It’s one thing to read about a molecule—quite another to actually work with it. In my own lab experience, the properties you notice on day one turn into the pain points or perks that decide whether a compound earns a permanent spot on your shelf. Here, the molecular arrangement deserves a closer look. The fusion of a bromine atom and a trifluoromethyl group on the quinoline backbone isn’t window dressing. Bromine tends to draw in electrophilic partners, opening up pathways for coupling reactions and functional group modifications that traditional scaffolds can’t match. The trifluoromethyl group, on the other hand, brings in rugged chemical stability and a level of lipophilicity rarely seen in simpler analogs. Those features together don’t just check the boxes on a spec sheet—they reshape what’s possible in late-stage functionalization, scaffold hopping, and property tuning, whether you’re targeting potency, solubility, or metabolic profile.
Randomly heaping exotic features onto old molecular frameworks never paid off in my experience. The value of a compound becomes clear only in the way it interacts with actual chemical systems. In medicinal chemistry programs, teams often chase heterocycles that combine structural novelty with a handle for elaboration. This is where 6-Bromo-4-(Trifluoromethyl)Quinoline-2(1H)-One stands out. The 6-bromo position turns it into an inviting partner for Suzuki or Buchwald–Hartwig couplings—workhorse reactions that have delivered countless promising leads and candidate molecules. The 4-trifluoromethyl group adds a tough, metabolically resilient cap, influencing everything from target binding affinity to in vivo half-life. As more labs double down on fluorinated heterocycles for their ability to modulate drug-like properties, this compound slots into ongoing campaigns with ease.

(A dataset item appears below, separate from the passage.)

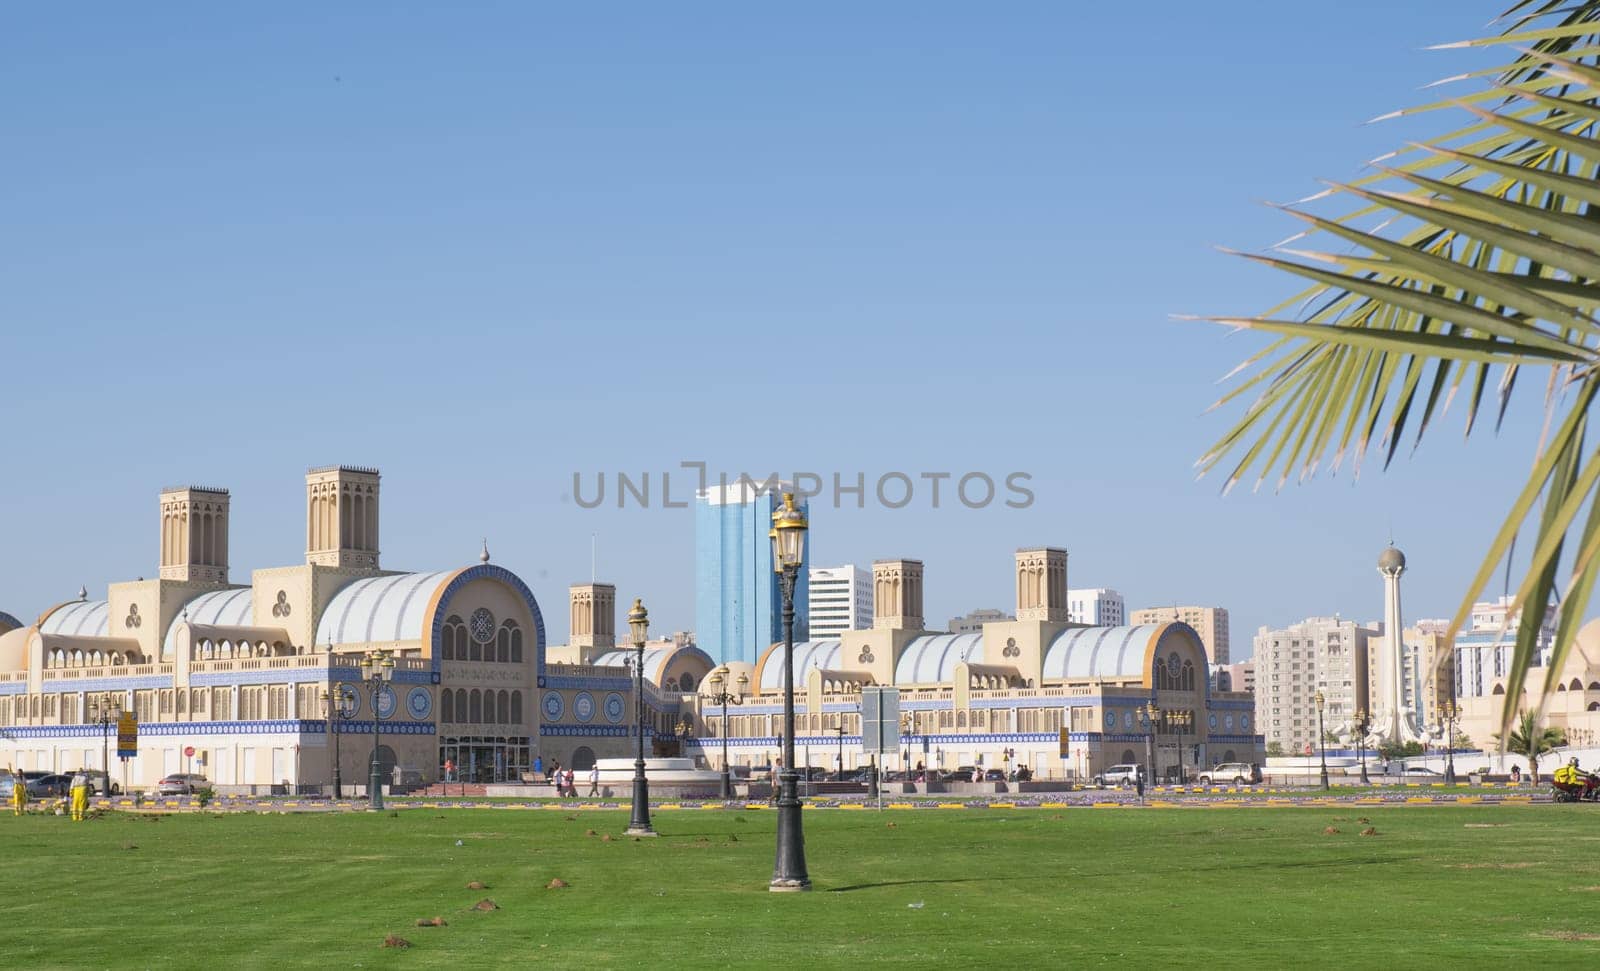 Sharjah, UAE, February 14, 2023: Blue Souk or Central Market is located in the center of Sharjah city in the United Arab Emirates or UAE

From my time working with drug discovery teams, the bottom line came down to two things: can you build new analogs quickly, and can you trust them to behave when scaled up? Compounds in the quinoline family get scouted both as core pharmacophores and as specialized intermediates in the synthesis of kinase inhibitors, antivirals, or anti-infective agents. With 6-Bromo-4-(Trifluoromethyl)Quinoline-2(1H)-One, the array of available downstream modifications jumps higher, opening doors to libraries of derivatives in a single, streamlined playbook. Real demand doesn’t come from theoretical data—it comes from the synthetic wins this compound enables at the bench.
Discussions with colleagues about what sets a building block apart never go away. There are plenty of quinoline derivatives, with classic flavors like chloro- or methoxy-substituted skeletons filling up catalogs. What gets missed in sweeping descriptions are the subtleties that shift a compound from being just another reagent to becoming something that saves time, reduces failed routes, or sparks new ideas in project meetings.
6-Bromo-4-(Trifluoromethyl)Quinoline-2(1H)-One brings a combination that’s been stubbornly hard to find. Bromine atoms at the 6-position foster cross-coupling chemistry. The trifluoromethyl group is more than window dressing—it pushes the electron distribution in the ring, nudging both the chemical reactivity and biological profile. In a head-to-head against more basic analogs, you spot a world of difference in how easily you can decorate the core, swap in linkers, or attach biologically active fragments. From first-hand runs through pharmaceutical scaffold libraries, I’ve seen how bottlenecks appear when a building block lacks strategic handles or resists further modification. The dual-substitution here helps sidestep those sticking points, reducing the time-to-analog that matters in competitive projects.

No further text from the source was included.